As we have seen in the history of WinFS, its fate wasn't as desired. In 2006, on the team blog, Microsoft announced that it wouldn't include WinFS as a system file package, but instead deliver it into the next Microsoft SQL server, which was SQL Server 2008. "These changes do mean that we are not pursuing a separate delivery of WinFS, including the previously planned Beta 2 release"[http://blogs.msdn.com/b/winfs/archive/2006/06/26/648075.aspx], but instead, they will keep working on it and some "...may be used by other Microsoft products going forward."[http://blogs.msdn.com/b/winfs/archive/2006/06/26/648075.aspx] So, we can see that WinFS didn't succeed as a file system, but some of the logistics will continue to live on in Microsoft’s database software.

===Why===

Microsoft never released publicly what exactly went wrong. There was much speculation about the design of WinFS, but on the team blog Quentin Clark, Product Unit Manager of WinFS, answered that "[i]n fact, the Beta was coming together really well."[http://msdn.microsoft.com/en-US/library/aa480687.aspx] He then replied that the technology used wasn't easy to build onto, so they had to rewrite some parts, but that this wouldn't have caused the end of WinFS. Some also speculate that no serious software used WinFS, nor did it receive the attention needed from the developers to have a good start. In an interview with Channel 9, Quentin Clark said, "We were building too much of the house at once. We had guys working on the roof while we were still pouring concrete for the foundation."[http://channel9.msdn.com/blogs/jonudell/where-is-winfs-now] This shows that the team might have had some management problem, which evidently led to the termination of the project.

==Newton OS==

===Brief History of Newton OS===

Newton OS was created by Apple and was used with their line of PDAs, becoming one of the world's first PDAs. Newton was originally meant to be an innovative OS to reinvent personal computing, but it was changed to become a PDA, due to fear of eating up Macintosh sales and because of project delays [http://www.techeblog.com/index.php/tech-gadget/a-look-back-apple-newton]. The first iteration of the Newton system came as the MessagePad. The MessagePad sold out its 5,000 copies within a few hours of release, despite its price of $800 US [http://www.pencomputing.com/frames/newton_obituary.html]. Apple released several different PDAs with Newton OS between 1993 and 1997, which despite its popularity were plagued by flaws in the applications of the device [http://news.cnet.com/Apple-scraps-Newton/2100-1001_3-208551.html].

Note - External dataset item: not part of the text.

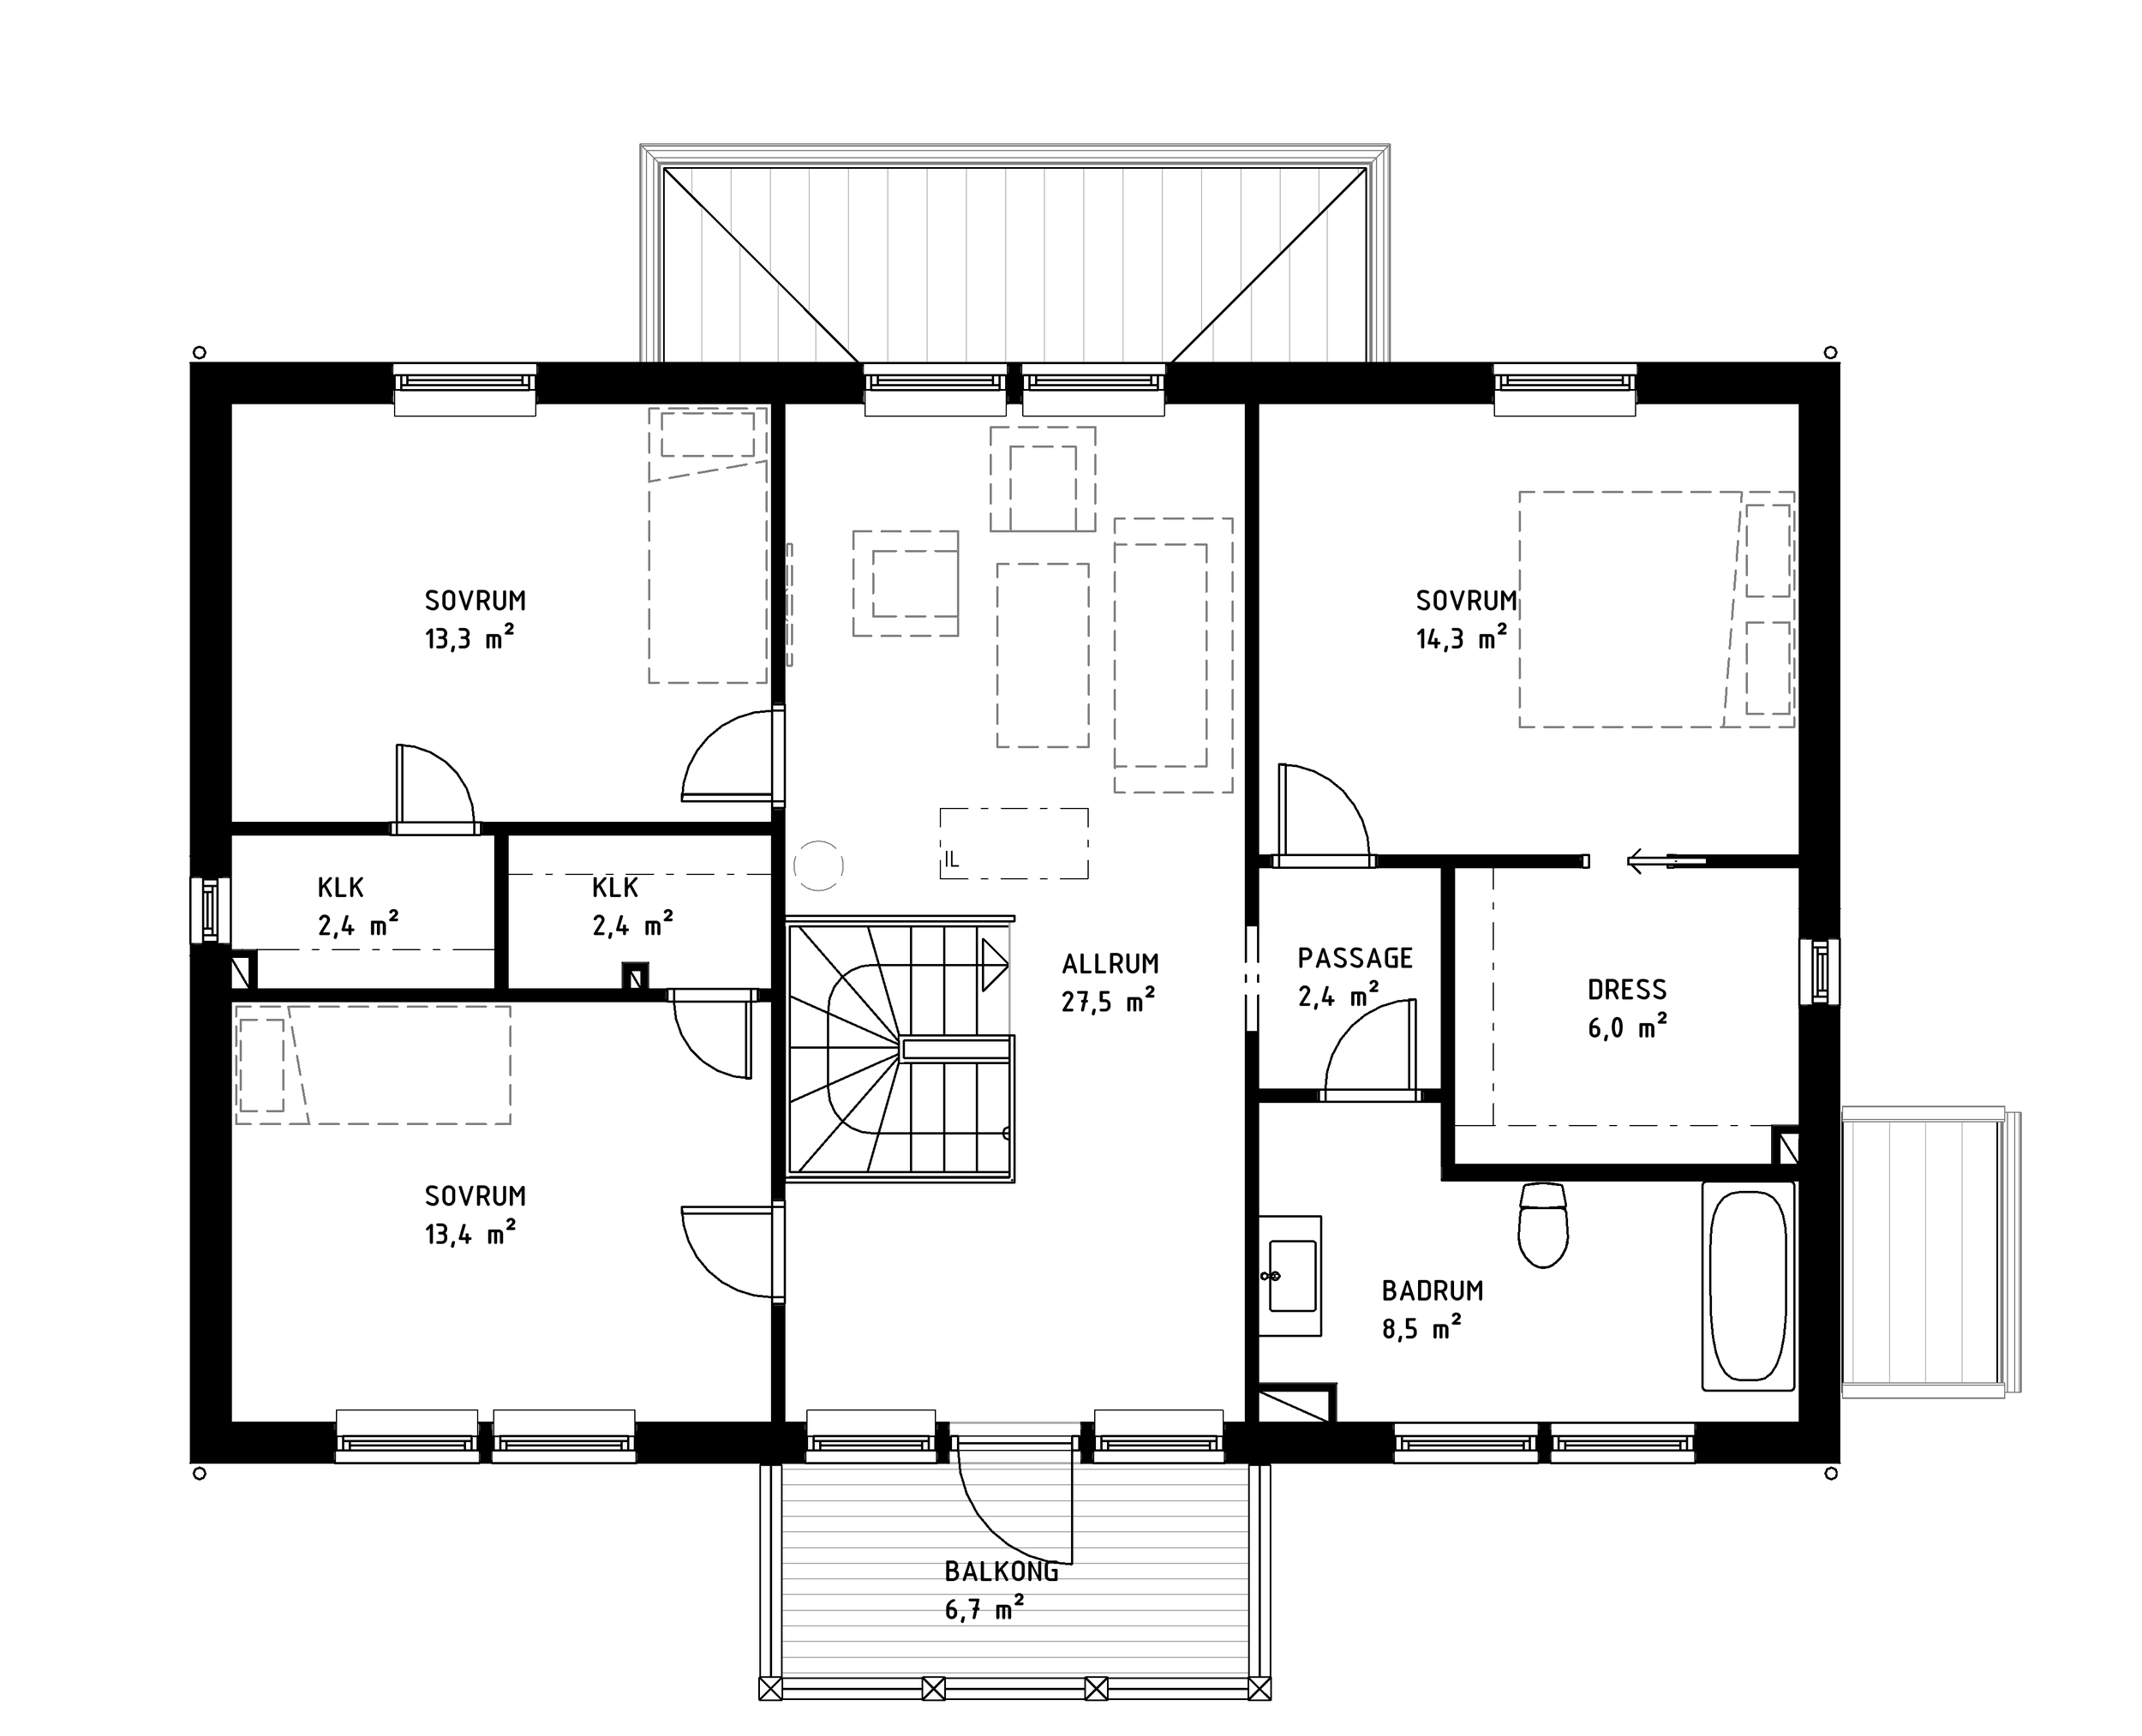 5.1.312 Solsidan plan 190820-overvaning.png

The main reason why Newton PDAs became so well-known was because the Newton OS was the most advanced operating system of any personal computing device of its time. The OS kept the user from accessing the inner workings of the device, keeping users away from creating problems by tampering with the wrong settings, and used a database-based file management that simplified the system to a higher degree than any previous OS [http://www.pencomputing.com/frames/newton_obituary.html].

===Flaws of Newton OS===

Even with the innovation that came from Newton OS and its computing devices, it had several deep-running flaws that caused critics to pan the Newton devices. First and foremost, the Newton devices were known for their failure at implementing their handwriting system, which was supposed to recognize entire words. The Simpsons television show even had a joke about this flaw in one of their episodes [http://www.youtube.com/watch?v=xc3JzS0K3ys]. The main problem behind the handwriting system was that it had a hard time recognizing cursive writing, even though Apple insisted that its engineers ensured it worked correctly [http://www.roughlydrafted.com/RD/Q4.06/600D65E6-A31E-45CA-AFC5-42BC253F5337.html]. Another main problem with the Newton devices was that their overall size was too large for most pockets. Since Newton devices were expected to be carried similarly like a wallet or a cellphone, most people found their size too great for daily use [http://news.cnet.com/8301-13512_3-9754359-23.html][http://www.roughlydrafted.com/RD/Q4.06/600D65E6-A31E-45CA-AFC5-42BC253F5337.html]. Earlier Newton devices were also found to be very slow due to the virtualization of the NewtonScript and the lack of necessary RAM [http://www.roughlydrafted.com/RD/Q4.06/600D65E6-A31E-45CA-AFC5-42BC253F5337.html]. In the end, the Newton devices were fated to fail.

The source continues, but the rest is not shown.